4. 842, Serments de Strasbourg. Lors du pacte conclu entre les armées du Roi de Francie occidentale Charles le Chauve et le roi de Germanie-Austrasie Louis le Germanique, ce dernier prononce son serment devant les armées de son frère et allié dans leur langue, le « roman ». Le basilecte acquiert une existence officielle et son autonomie vis-à-vis du latin est consacrée. Le roman de France est la première langue émancipée du latin à être reconnue dans la Romania (ibid., p. 37). La reconnaissance est d’abord politique. 5. XIIe siècle. Un mésolecte scriptural entre le bas-latin littéraire et les dialectes romans

du nord et de l’est de la France est élaboré pour les besoins de communications écrites des clercs et des marchands.

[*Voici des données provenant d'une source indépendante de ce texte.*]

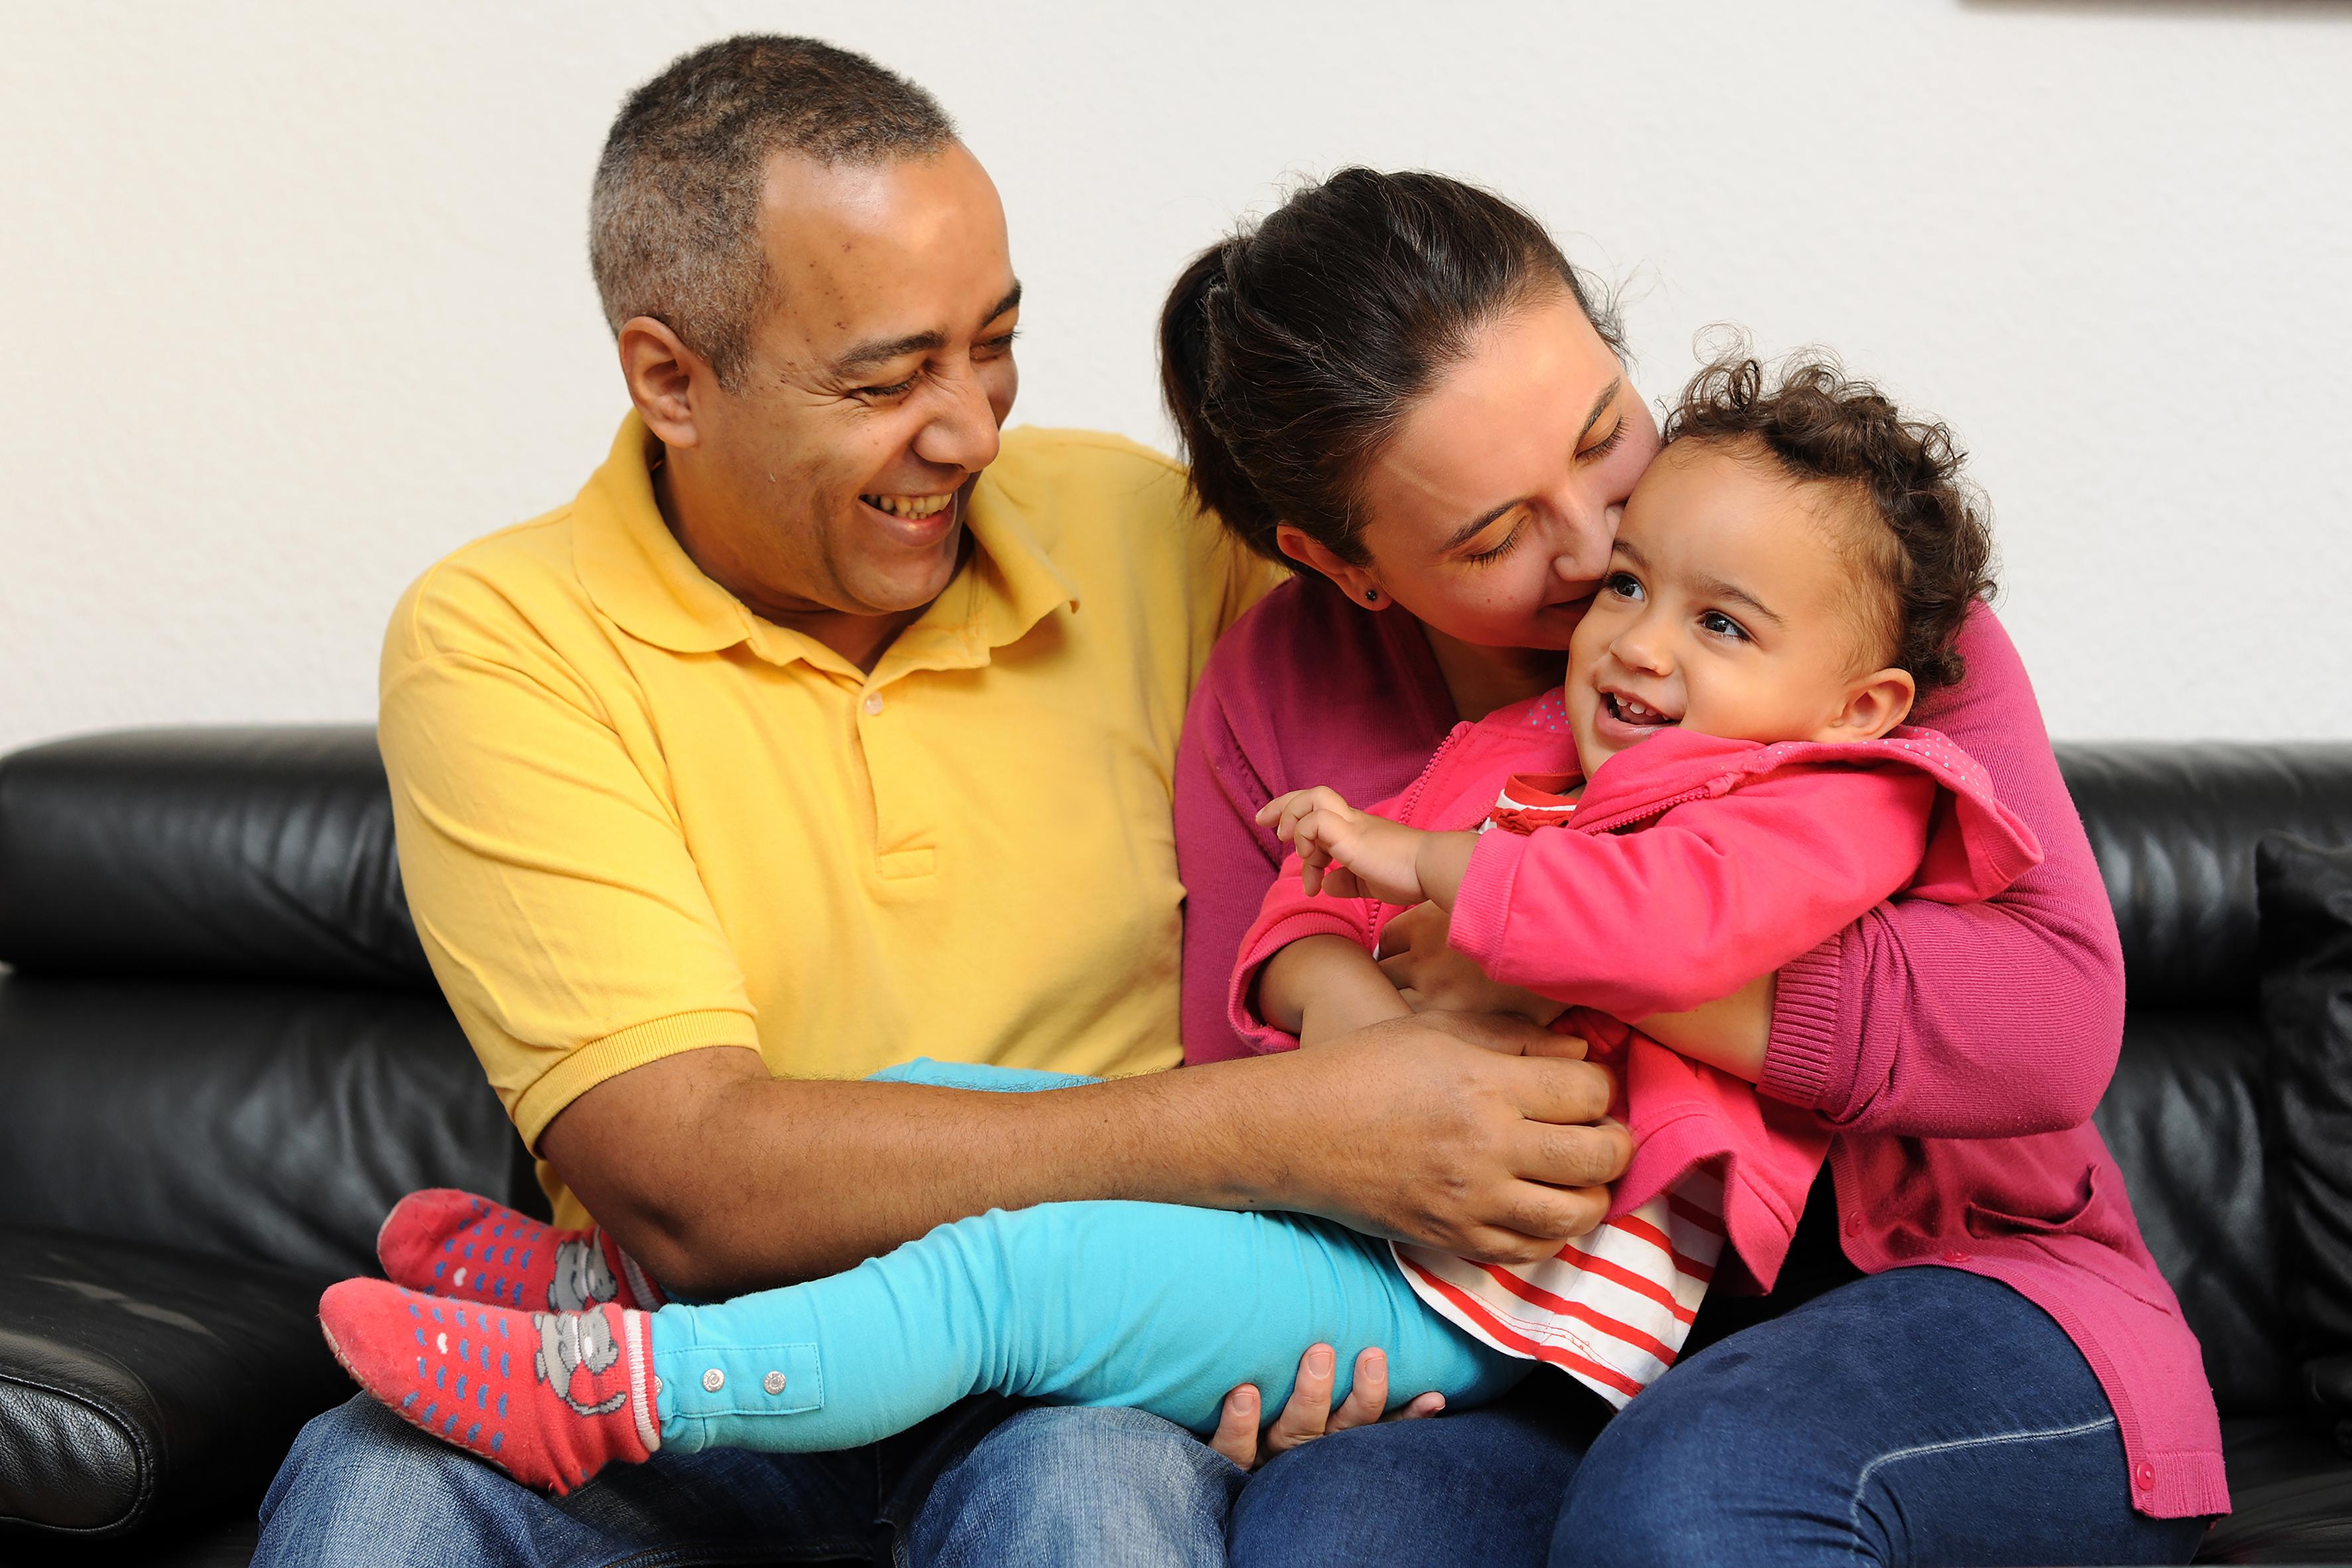 Mutter, Vater und Kind in liebevoller Umarmung auf eine Couc
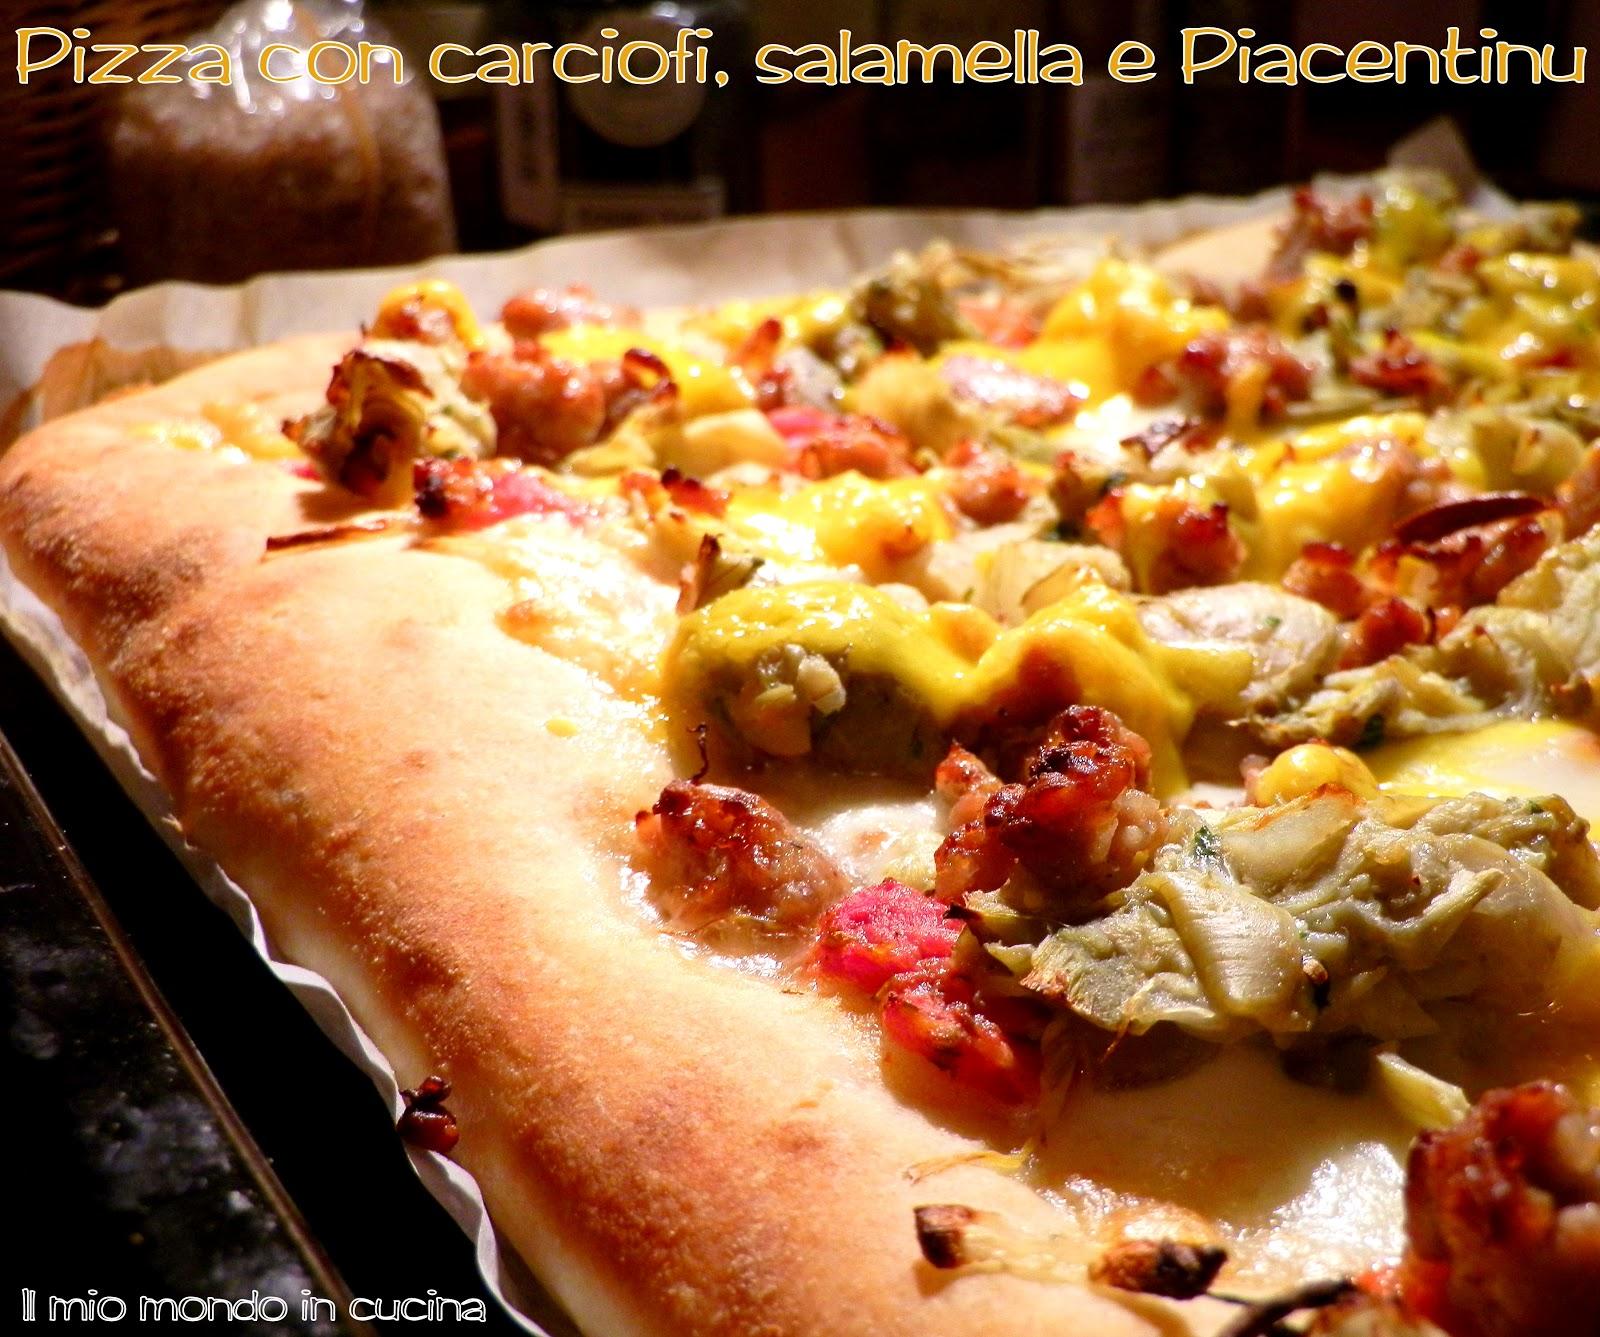 Pizza Con Salamella Carciofi E Formaggio Piacentinu

Une pluriglossie institutionnelle se met en place avec une variété littéraire, le latin, une variété écrite véhiculaire, le français écrit du nord et de l’est inspiré du francien (Cohen, 1947, p. 80), et enfin les dialectes d’oïl et d’oc du royaume. L’émergence de la triade acrolecte-mésolecte-basilecte est pragmatique. 6. 15 août 1539, Ordonnance de Villers-Cotterêts. Le français, langue du roi et donc langue

« maternelle » française est promu langue juridique du royaume à la place du latin, devenu incompréhensible à la majorité des sujets. L’acrolecte latin disparaît de l’espace institutionnel français. Le français standard le remplace comme variété haute à côté des dialectes romans vernaculaires, encore très présents sur le territoire. Il faut attendre la fin du XIXe siècle avec la généralisation de la scolarisation publique et le développement de la presse pour voir le français standard se diversifier lui-même en français familier et populaire aux dépens des dialectes romans (Glessgen, 2012, p. 398). L’histoire de l’élaboration du français illustre l’intensité des mouvements élémentaires à l’intérieur d’un écosystème et leur impact sur l’environnement entier. Les migrations des peuples, les exigences commerciales et les décisions politiques ont modifié le corpus et le statut

d’un idiome passé de variété dialectale à langue officielle et nationale. Au niveau du corpus, le français s’est progressivement démarqué du latin pour que ce dernier ne soit plus compréhensible aux francophones. Au niveau du statut, il est passé successivement par les quatre rôles langagiers présentés par W.F. Mackey (Mackey (1), 1989, p. 36), au point de les assumer tous :

- 1. Un langage vernaculaire : parler spontané pour « communier » au sein de la communauté, le français a endossé cette seule fonction depuis l’installation des Francs jusqu’à l’Ordonnance de Villers-Cotterêts ;

- 2. Un langage véhiculaire : langage de la communication quand il a été élaboré à l’écrit pour les échanges dans la Romania du haut Moyen Âge ;

- 3. Un langage référendiaire : récipient de la culture, des traditions orales et écrites, de l’histoire écrite, depuis qu’il est le support privilégié des auteurs littéraires et des poètes dès le XVIe siècle ;

- 4. Un langage mythique : langage du sacré, là encore depuis le XVIe siècle et le choix par les Protestants de la Bible et de la liturgie en français (Cohen, 1947, p. 160). En énonçant le concept d’écologie linguistique, E. Haugen a délimité un espace aux dimensions diachroniques et synchroniques qui permet d’observer tous les mécanismes à l’œuvre dans l’évolution et la modification des tissus sociolinguistiques. Dans une écologie linguistique, la société est un écosystème dans lequel les langues jouent des rôles déterminés et assument des fonctions sociales. Elles sont donc par nature l’objet de décisions et de manipulations morphologiques, sociologiques ou symboliques qui altèrent en même temps leur corpus et leur statut. Dans cet ordre d’idées, leurs locuteurs sont eux-mêmes automatiquement affectés et contribuent à l’évolution du système perçu comme cohérent sans être autarcique.